On Friday Sally and I took Clara from Raleigh to Asheville for a business + pleasure trip. I’d been invited to speak at the Federal Circuit’s Bench and Bar conference, which was being held at the famous Grove Park Inn, and after that ended we thought we’d do a little hiking near the Blue Ridge Parkway and get a treatment at the spa.
The Grove Park Inn is an odd but appealing place, with lovely views of the Blue Ridge mountains. It has massive stone masonry walls inside and out. It turned 100 last year, and is proud of its history. We found our room perfectly fine, and the service at the hotel, the various restaurants, and the spa to be attentive and exceptionally friendly.
As usual for me with professional speaking engagements, I enjoyed the actual doing of it, though I felt a certain dread in the last few days beforehand. I was one of four panelists, and it was far from clear even shortly beforehand how it was going to go. Fortunately, all were seasoned veterans, and it went fine. I had a chance to point up some of the serious problems with software patents, and give the conference an open source perspective on other issues. I gave my perspective that the patent system is seriously dysfunctional, and was happy that it sparked some debate, and I didn’t get run out of town on a rail.
I’m a late convert to spa-ing. Until recently, I really could not see the point, and considered it a waste of valuable time. Both at work and play, I am normally a busy person, with more to do than there is time to do it. Workwise, the challenges are never ending. A lot of my leisure activities, like playing the piano and playing golf, demand a lot of commitment to improve, and that commitment requires time. And there are so many things I’m curious to know more about, and learning also requires time. Time is so valuable, and I try very hard not to waste it.
But I’ve gradually come to consider massage as valuable to good health, both physical and mental, and wanted to share a couples massage with Sally. Other than massage, I wasn’t quite sure what the Grove Park spa involved.

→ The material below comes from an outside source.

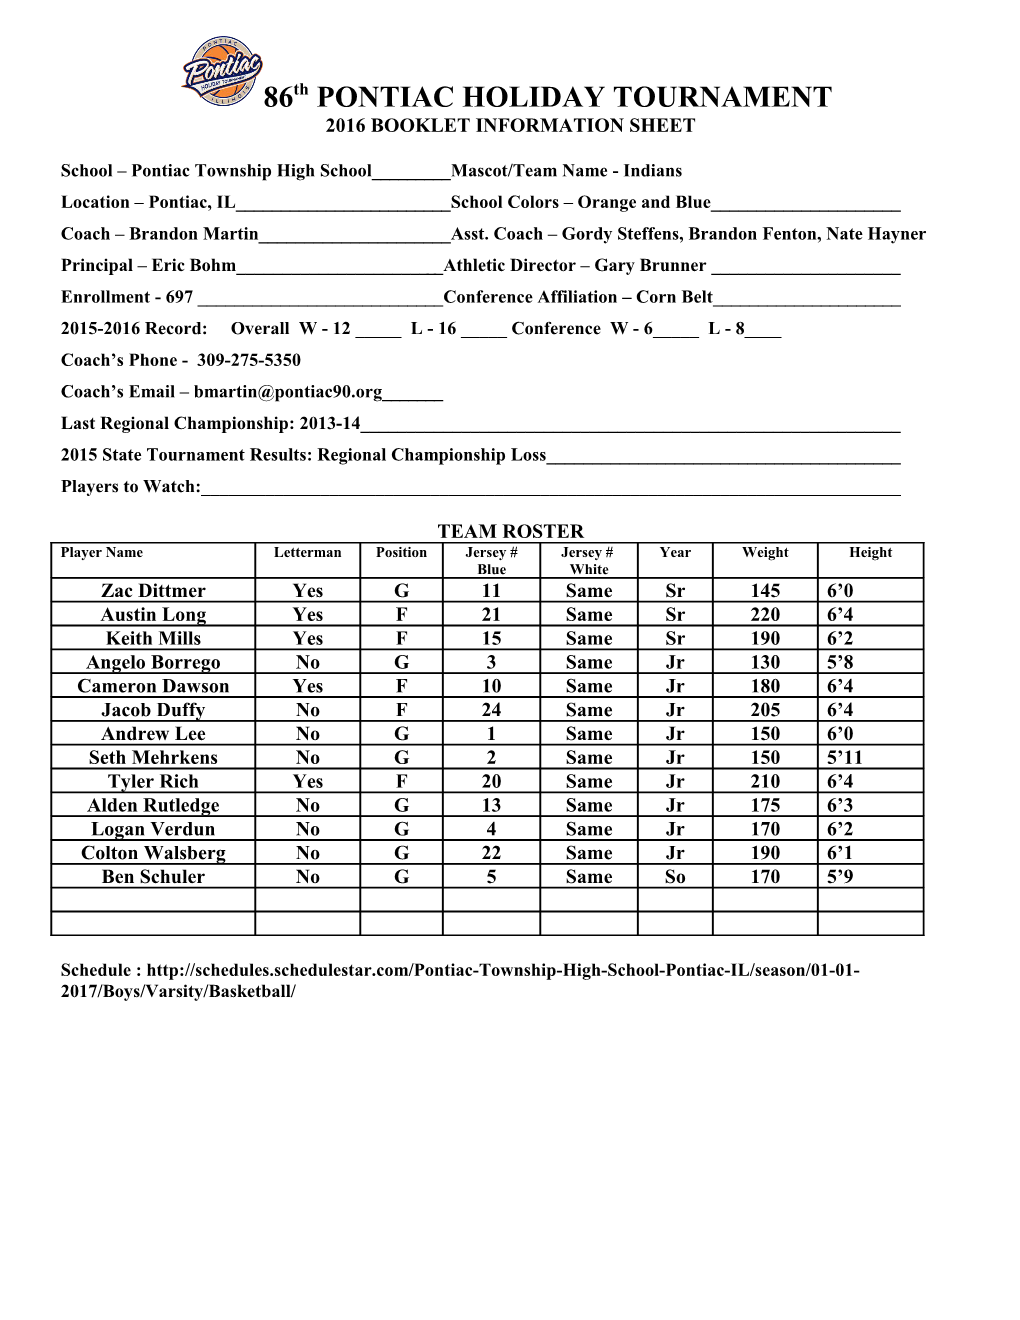 Pontiac Holiday Tournament Booklet Information Sheet

I’m here to tell you, it’s very nice. It carries forward the stone masonry motif of the Inn. There are numerous pools of different sizes and carefully graded temperatures, some with little waterfalls and some with big waterfalls. There was a eucalyptus infused steam room, pared with a whirlpool and a cold dunking tank. I was persuaded to go from the hot sweatiness of the steam room to a plunge in the cold tank, and it was definitely a shock — almost agonizing, but also refreshing.
After soaking in various pools inside and out, we repaired to a lounge and sat quietly for a few minutes in plush chairs next to a big fireplace. Then our massage therapists arrived, introduced themselves, and debriefed us on our health issues and massage likes and dislikes. My therapist, Sarah, was very good. She described her technique as basically Swedish massage, but she was very responsive to my request for firmer pressure, and attentive to the various knots and tensions of my body.
An aspect of the treatment was scented lotions and oils, as well as scents generally – aromatherapy, as they call it. I experienced something described as detoxifying citrus, with oils of lemon, orange and petitgrain (no idea what that is), and various other exotic substances. Did they do anything significant for my health and well-being? It’s hard to say. But it was very pleasant, and I certainly wouldn’t mind doing it again.
We felt quite wonderful after our massages, and though we had a dinner reservation pending, didn’t want to leave the spa immediately. Sarah helped us get the reservation pushed back, and we did some more soaking in the hot tub and other pools. It was delicious.
We eventually made our way to the Sunset Terrace restaurant, where they gave us a great seat on the edge of the porch looking out toward the mountains. So many restaurants try to seat you in the less desirable spaces unless you push back, but they did not try that on us at the Inn. They had a vegetarian entrée involving tofu, and it was fine. Afterwards, we sipped the last of our wine and listened to a local flamenco quartet. The musicians seemed quite fine, and their singer, a blonde Swedish-looking gringo, sang in Spanish that sounded appropriately tragic and passionate. It was an unexpected pleasure.
On Sunday, we did a little more driving on the Blue Ridge Parkway. It really is a national treasure – a road that exists for the pure beauty and pleasure of driving. It winds and twists along ridges with views of adjacent mountains and valleys. For a few miles, there was no one in front of us, and Clara could stretch her legs a little.